Intimidation Nation: Venezuela in Election Season

The 23 de Enero district of Caracas is named after the January 23, 1958 coup that brought down then-dictator Marcos Pérez Jiménez, so it’s fitting that the ramshackle hillside neighborhood has always mixed politics with aggression. Hugo Chávez launched his failed 1992 coup from the 4F barracks here, and when he died this March 5, his remains were brought to the barracks, where red-eyed supporters now come to visit his tomb in a converted “Museum of the Bolivarian Revolution”.
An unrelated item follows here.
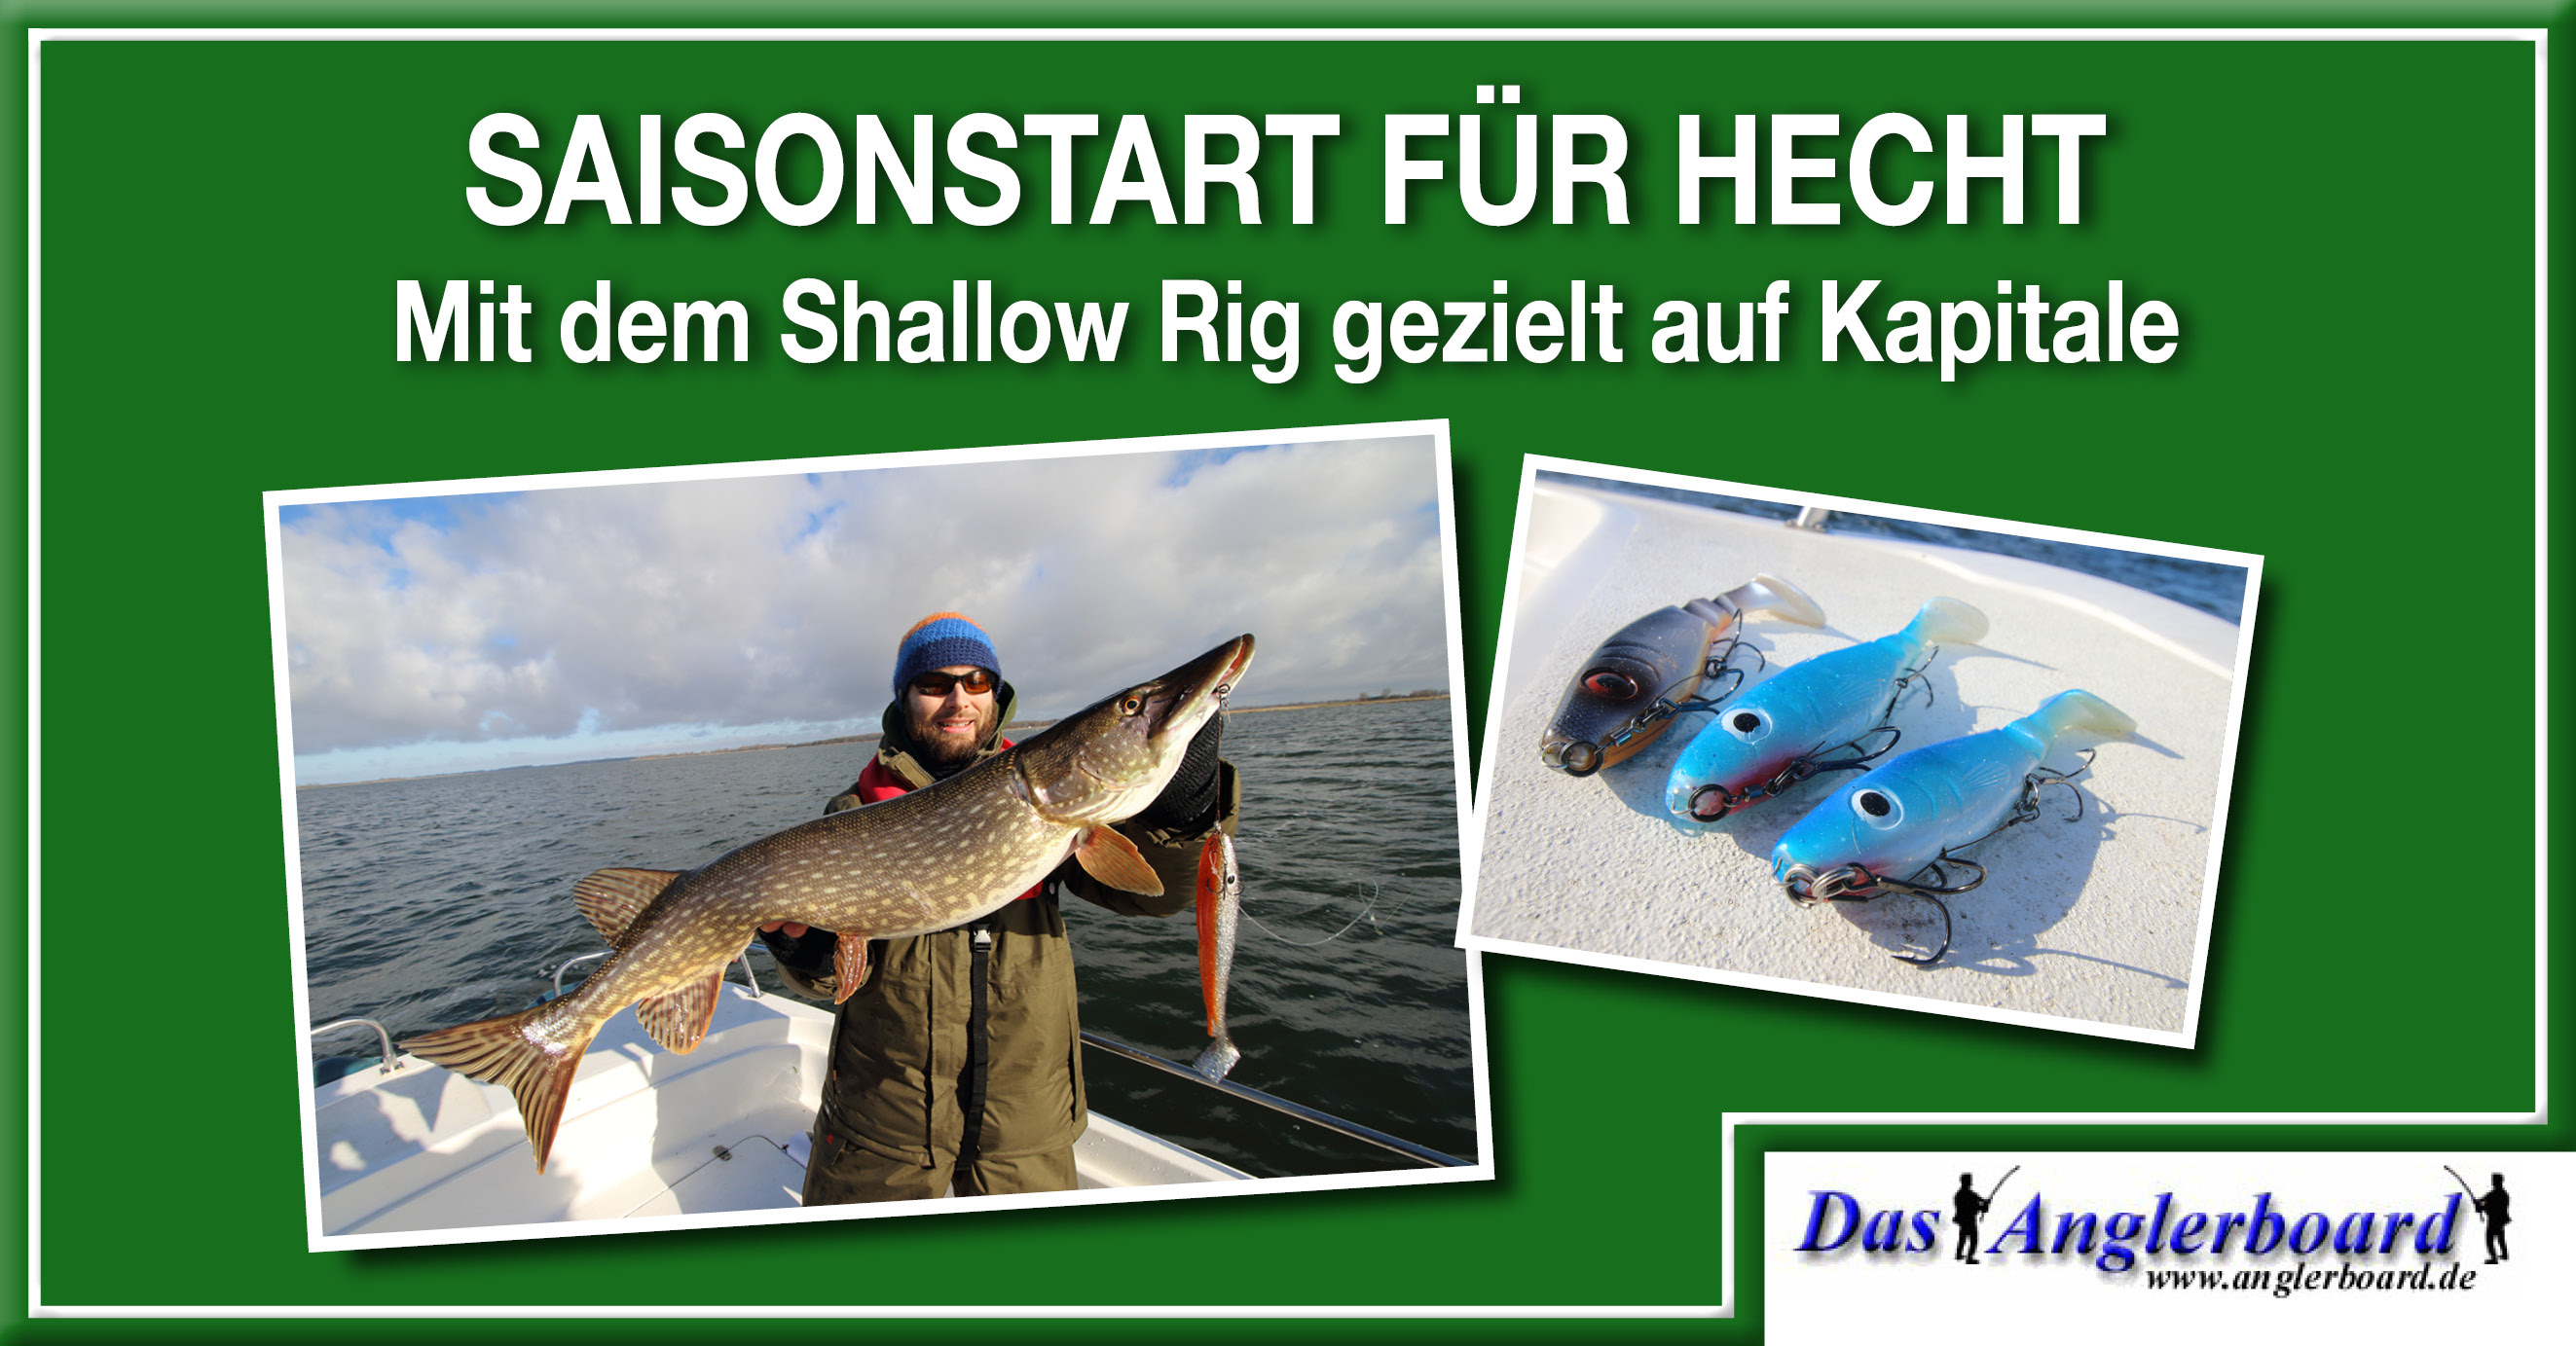 Beitragsbild-Anglerboard_635x332-SaisonstartHecht_JJ44.jpg

The neighborhood seemed an ideal location to document the cult of Chávez for Roads & Kingdoms ahead of Venezuela’s April 14 election between acting president (and hand-picked Chavez heir) Nicolás Maduro and underdog opposition leader Henrique Capriles. But if neighborhoods like 23 de Enero see themselves as ardent defenders of Chavez’s revolution—they are desperately poor and Chavez’s government has given them both bread and pride—they also have to live with another real legacy of Chavismo: violence. It’s not just the street crime and murder, it’s also the politicized militias that have formed around the vague goal of “defending the revolution”. These fervent Chavistas range from unarmed community workers to paramilitary gangs. In this pivotal moment for Venezuela, the hint of violence is never far from the surface.

That violence nearly caught me full-force after days of reporting there. I was trying to get deeper inside the neighborhood, walk the small alleys and go up the hills, for a better sense of life there. I talked with Elisabete Torres, the guardian of an ad-hoc shrine to Chávez that residents put up just after his death. She introduced me to a woman willing to show me around the neighborhood. So we went up the hill. I took some photographs and everything seemed normal, but she said we had to ask for permission from some of the people that control the area.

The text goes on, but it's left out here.